On Thu, May 17, 2012 at 07:14:05PM +0100, Ben Hutchings wrote:
> On Thu, 2012-05-17 at 13:49 -0400, Neil Horman wrote:
> > When I first wrote drop monitor I wrote it to just build monolithically.  There
> > is no reason it can't be built modularly as well, so lets give it that
> > flexibiity.
> > 
> > I've tested this by building it as both a module and monolithically, and it
> > seems to work quite well
> > 
> > Change notes:
> > 
> > v2)
> > * fixed for_each_present_cpu loops to be more correct as per Eric D.
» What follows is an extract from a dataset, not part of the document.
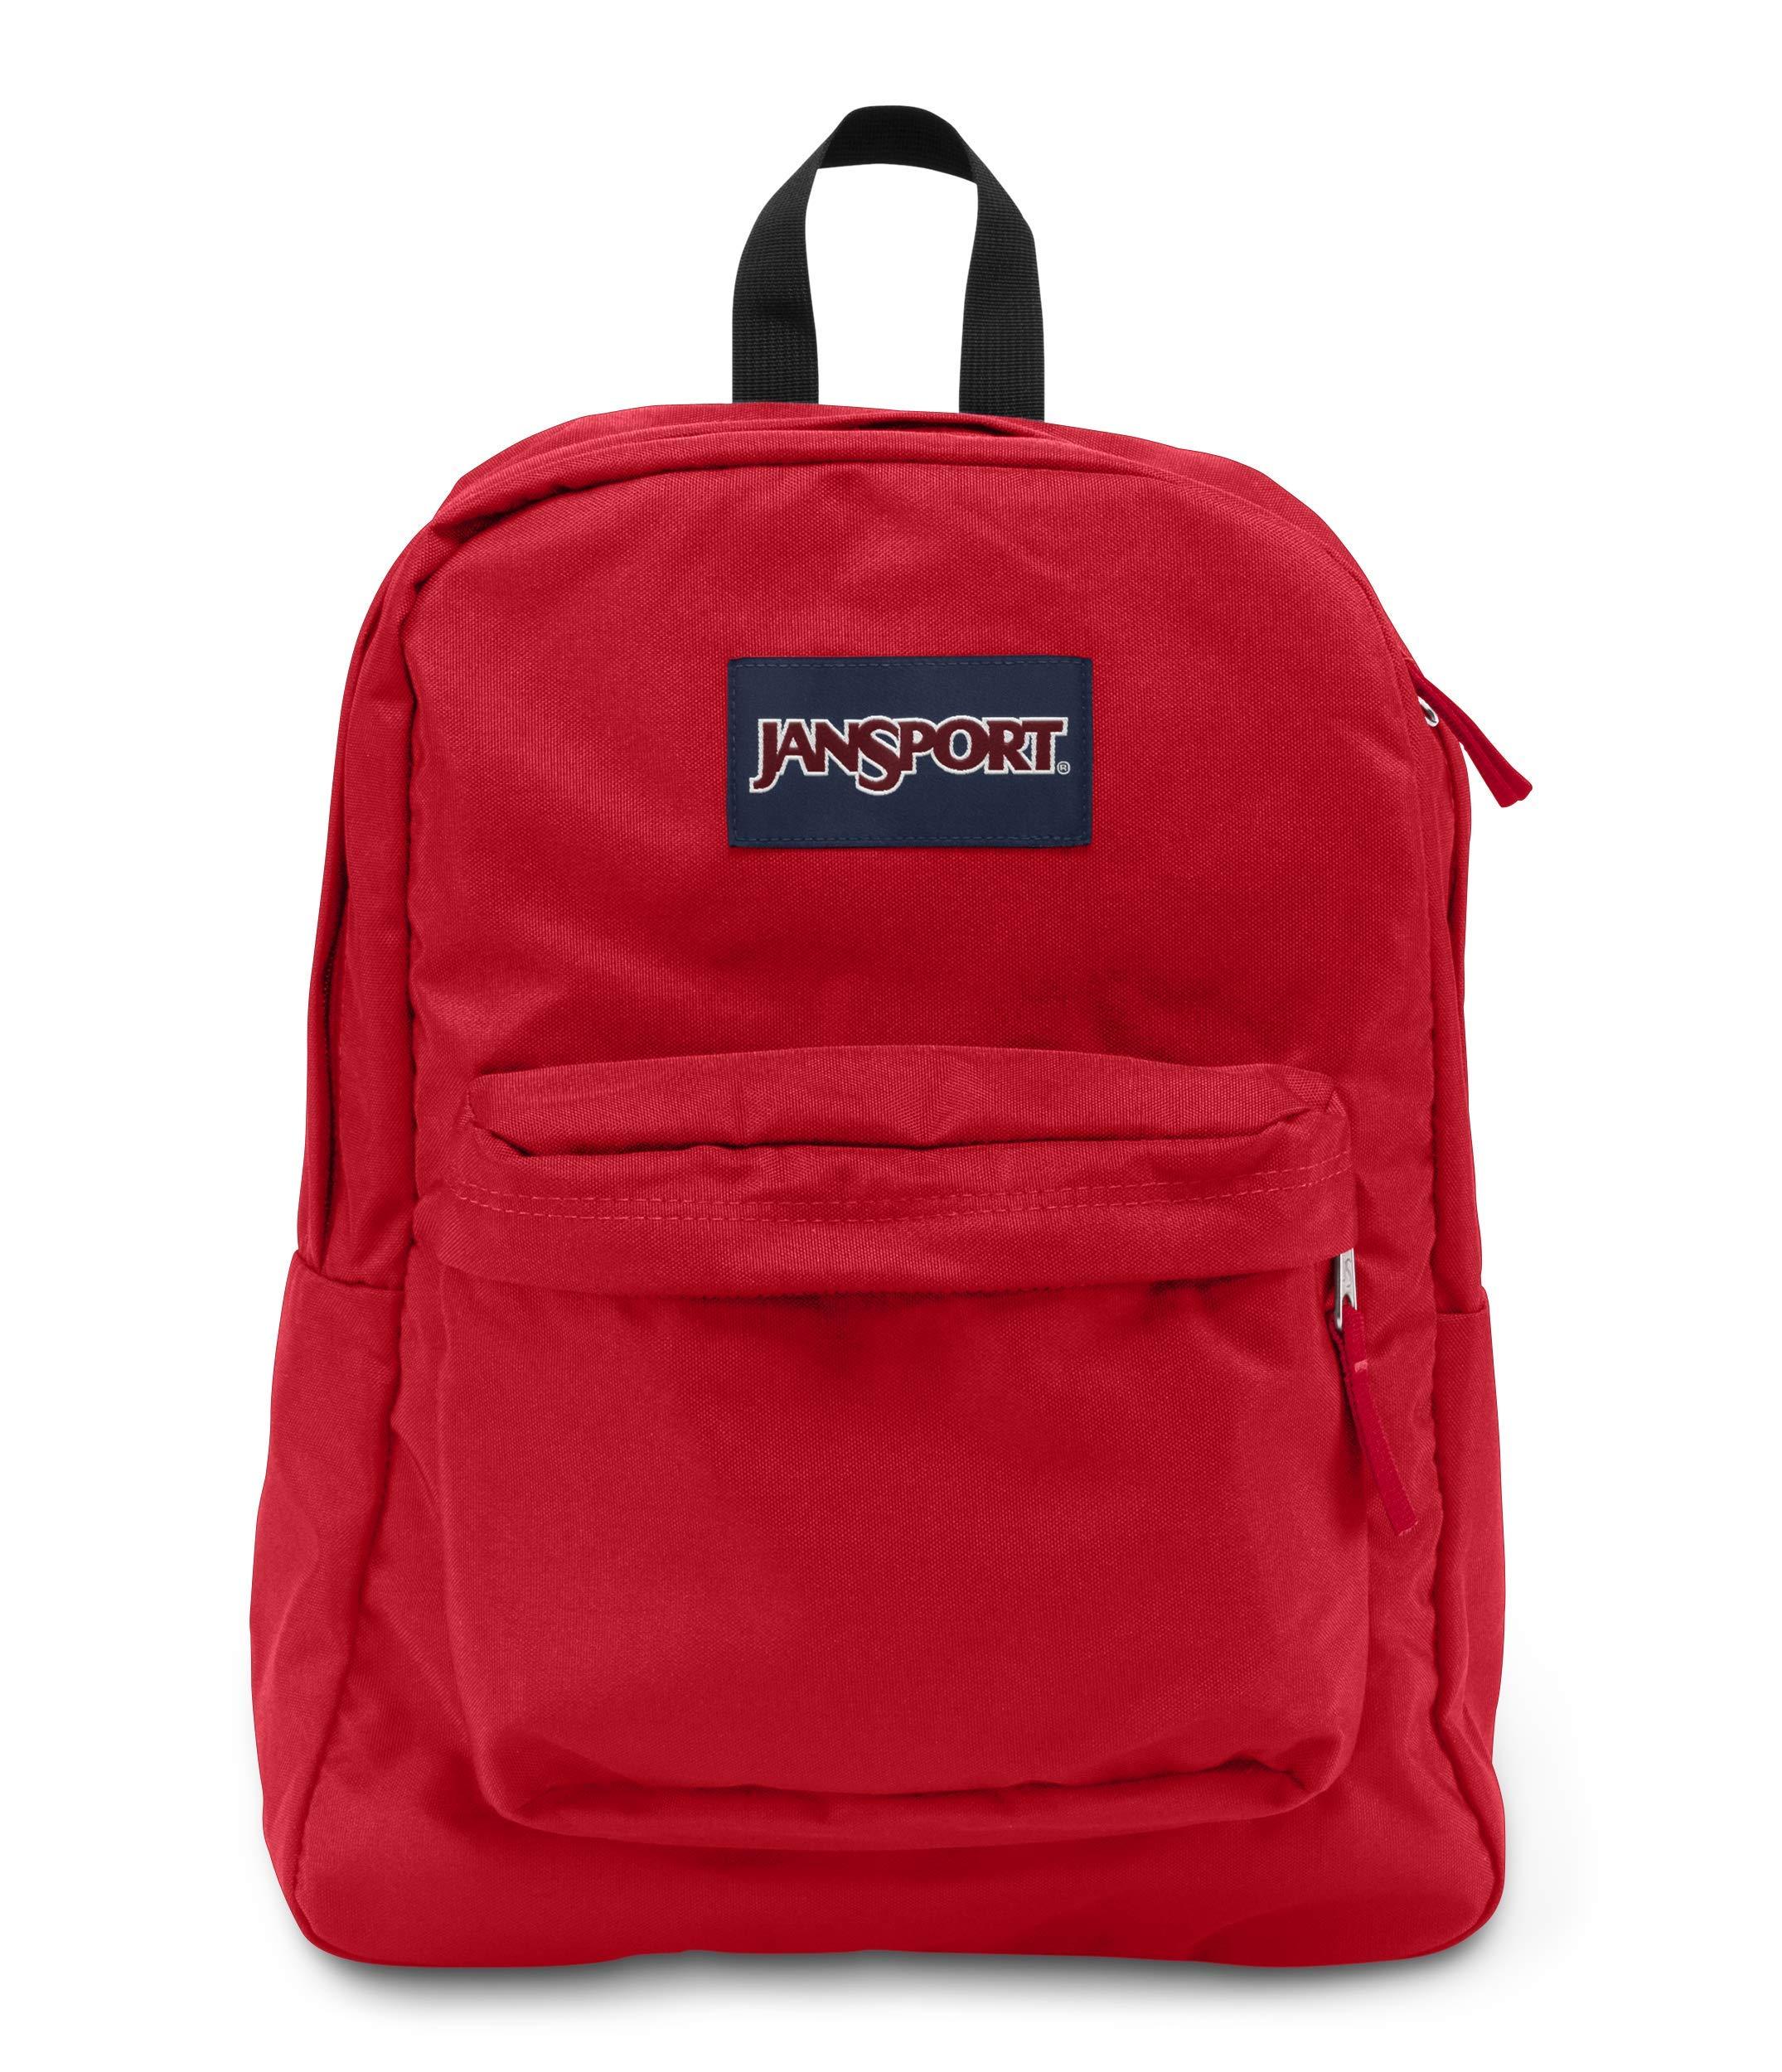 3866f94c65ae Jansport T501 Superbreak Backpack - Red Tape

> > * Converted exit path failures to BUG_ON as per Ben H.
> 
> Sorry I didn't pick up on this the first time:
> 
> [...]
> > -late_initcall(init_net_drop_monitor);
> > +static void exit_net_drop_monitor(void)
> > +{
> > +	struct per_cpu_dm_data *data;
> > +	int cpu;
> > +
> > +	BUG_ON(unregister_netdevice_notifier(&dropmon_net_notifier));
> > +
> > +	/*
> > +	 * Because of the module_get/put we do in the trace state change path
> > +	 * we are guarnateed not to have any current users when we get here
> > +	 * all we need to do is make sure that we don't have any running timers
> > +	 * or pending schedule calls
> > +	 */
> > +
> > +	for_each_possible_cpu(cpu) {
> > +		data = &per_cpu(dm_cpu_data, cpu);
> > +		del_timer(&data->send_timer);
> 
> Doesn't this need to be del_timer_sync()?
> 
Yeah, good catch.  I was thinking it didn't need to be as the timer doesn't
re-arm itself and the cancel_work_sync would undo anything that a running timer
did, but thinking about it, its possible that a timer could fire on cpu A, and
cpu B could execute and complete the cancel_work_sync prior to cpu A scheduling
it, so there is a race window there.  I'll fix that up.